Pyramid Power Read online

Page 6


  "That's the advantage of trade over the aristocracy. Who would drive the horseless chariot then?"

  "Me," said Neoptolemeus hopefully. "I want to."

  The trucker saw a dragonish eye peering in at him from the side window.

  Medea sighed. "I know that look. They're hungry again. They're always hungry. So, is it you for their dinner or do we get to go to Chicago?" There was no jest in that matter-of-fact tone.

  Convey took a deep breath. "Look, there's a truck stop ahead. How about I call the boss, and you talk money to him?"

  "Perhaps there will be food available," said Arachne.

  "And I need to wee," piped little Priones. "Soon."

  Neoptolemeus said nothing. He just concentrated on the gears and the physical operations of the vehicle, imitating the movements of the driver.

  That was the most worrying thing of all, maybe.

  "We're two blocks from the Pyramid Exclusion Zone," said Convey. "I can't take you any farther." There wasn't much traffic here. The road didn't go anywhere anymore.

  "So you see," said Arachne, smiling devastatingly and handing over a wad of crisp $100 notes. "It wasn't that hard."

  Medea nodded. "The seats are better padded in these chariots than in mine.
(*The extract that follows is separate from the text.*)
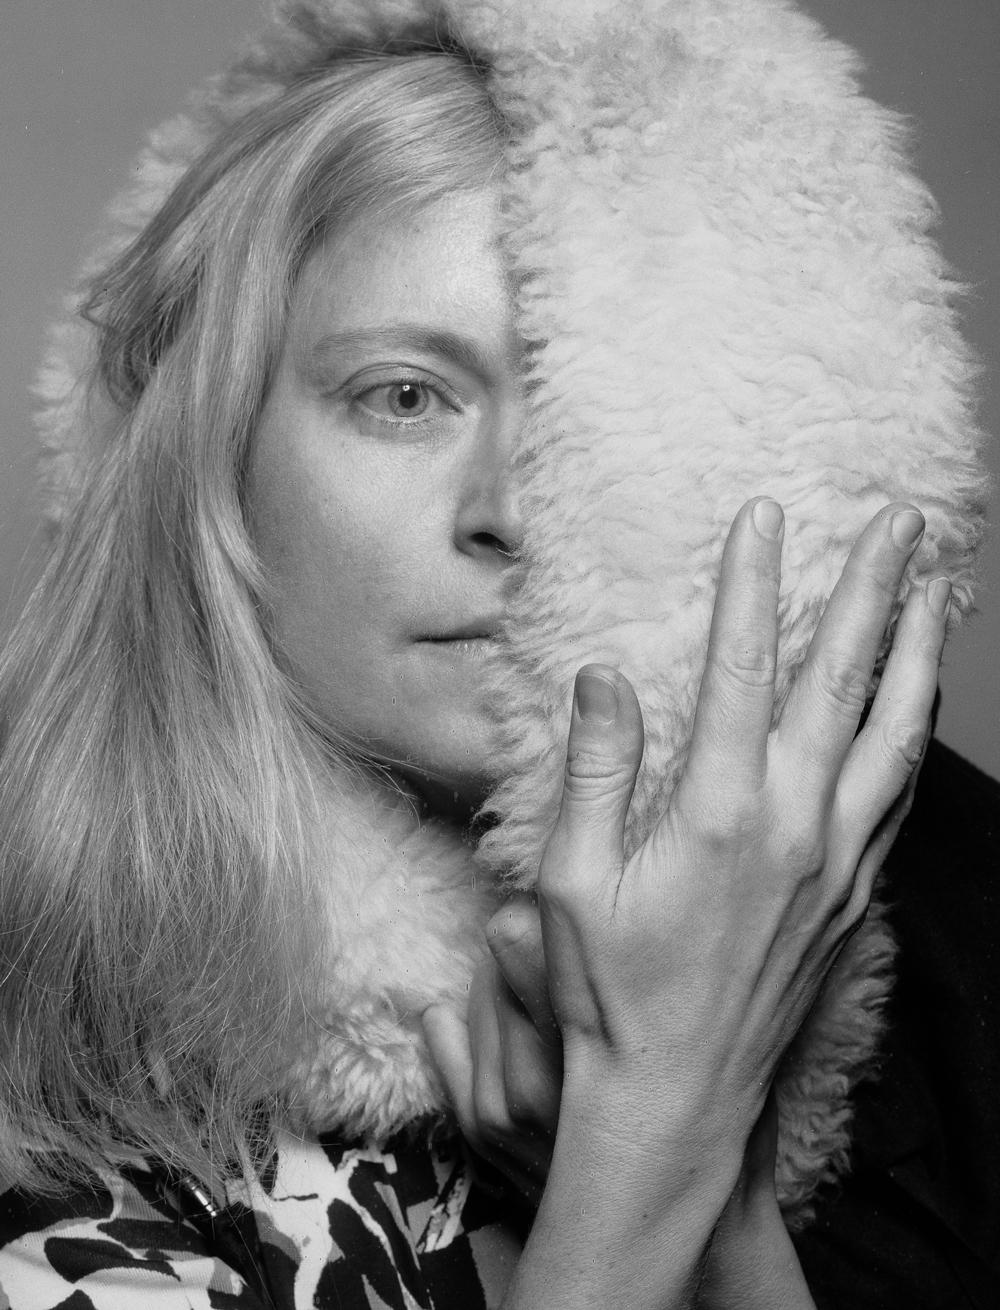 irene caesar - self portrait with a fur collar fragment
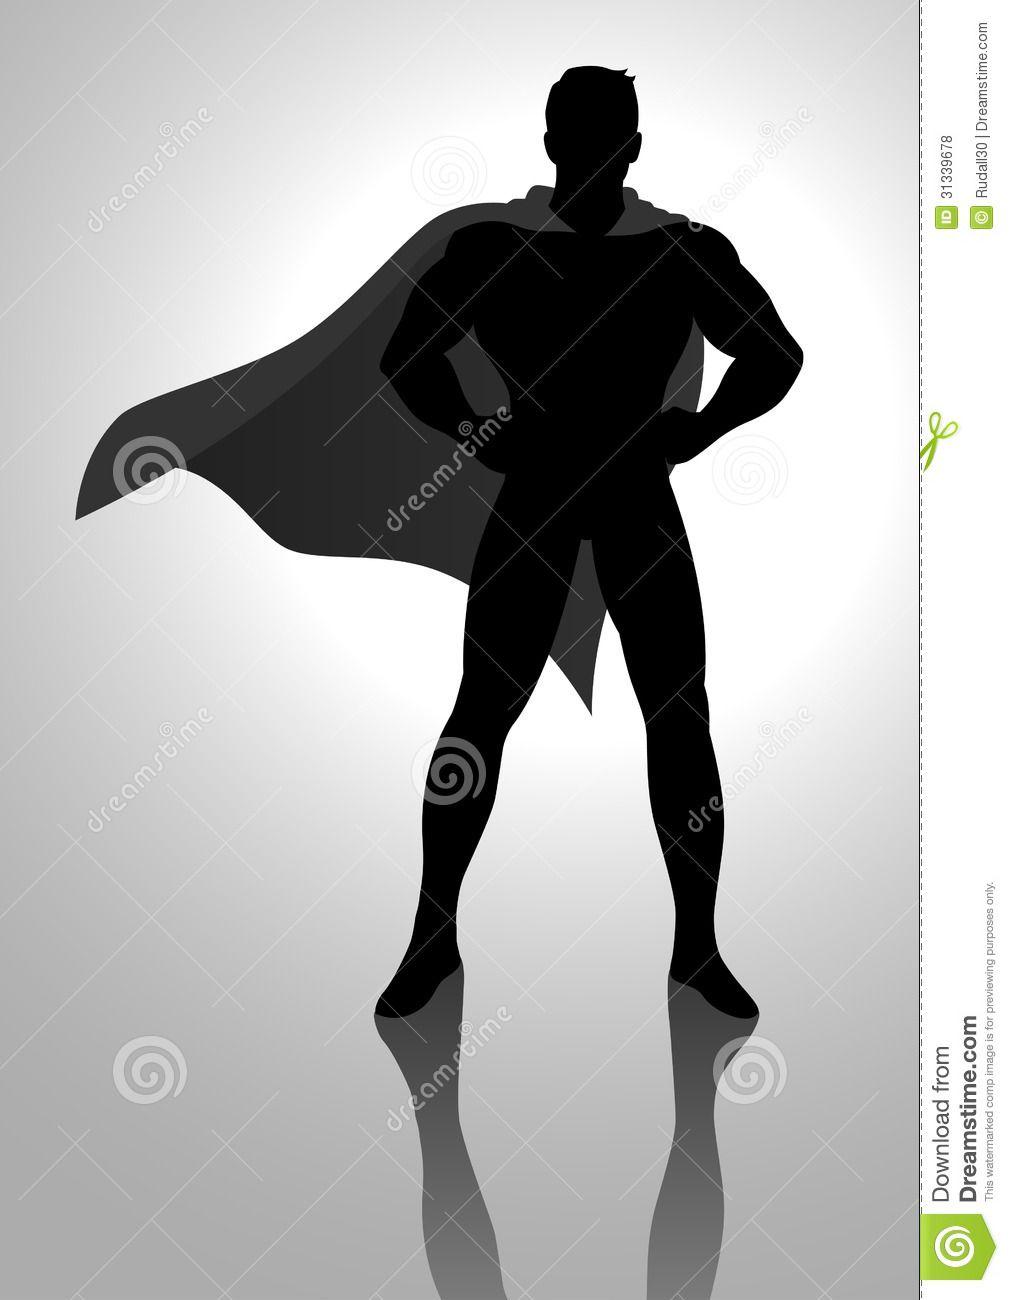 superhero-silhouette-illustration-heroic-pose-31339678.jpg ...

Now, children, let's get going."

  "Will you teach me to drive someday?" asked Neoptolemeus as he scrambled out. "I want to drive a chariot with so many horses under the hood."

  "I just want to see how you fit them all in," piped Priones. "And I want to wee." It seemed like that was the kid's favorite statement.

  One of the dragons sniffed. "Can smell Cruz," he said happily.

  "Right," said Medea. "Let's go. Up you get, children."

  Mike felt sorry for someone.

  The dragons began to slowly rise, spiky and glittering above the roadway, and definitely headed toward the exclusion zone. Convey watched, shrugged, and decided that it was a good time to get into his truck and get the hell out of here.

  Chapter 6

  Agent Schmitt bravely arrested Johnny Bravo for molesting the Cow, and shot the Chicken, while, Ed, Ed and Eddy cheered. But did they have to cheer so loudly?

  He opened his eyes. Ed, Ed and Eddy were cheering . . . on the TV screen in front of him. They weren't, his confused mind realized, cheering for him. Maybe they were cheering Agent Erskine. They couldn't be cheering for that useless idiot Reno. But what had Erskine done to get cheered? He was snoring his head off, the side of his face covered in either some horrific scabrous disease, or dried Coco Pops. He hadn't shot the Cow and arrested the Chicken for molesting Johnny Bravo. . . .

  Something was wrong! With a force of will, Agent Schmitt tried two things. First, to sit up. Second, to think clearly.

  Schmitt failed entirely at the first task. He tried to use his hands and it appeared that they were tied together. His head did clear slightly, though. He remembered drinking part of a truly terrible cup of coffee, before taking the detainees . . .

  Detainees. Now he woke properly. Enough to yell, at least. That woke Agent Reno. Reno said "Shurrup!" and rolled over, and fell off the couch. He landed with a thump, which must have done a better job of waking him, because he tried to get up.

  "I'm tied up," Reno said.

  He always did state the obvious, thought Schmitt, struggling to stand up himself. "I know, you moron," he snapped. "The coffee was drugged, and we're all tied up and the detainees have esca—aaaaaah!"

  The last part of his "escaped" converted to a scream that was lost in the shattering of glass as he fell over Agent Erskine's feet and crashed over onto the glass-top coffee table.

  It didn't cut him too badly. And it did wake Agent Erskine, who blinked and said, "Isn't there something on another channel?"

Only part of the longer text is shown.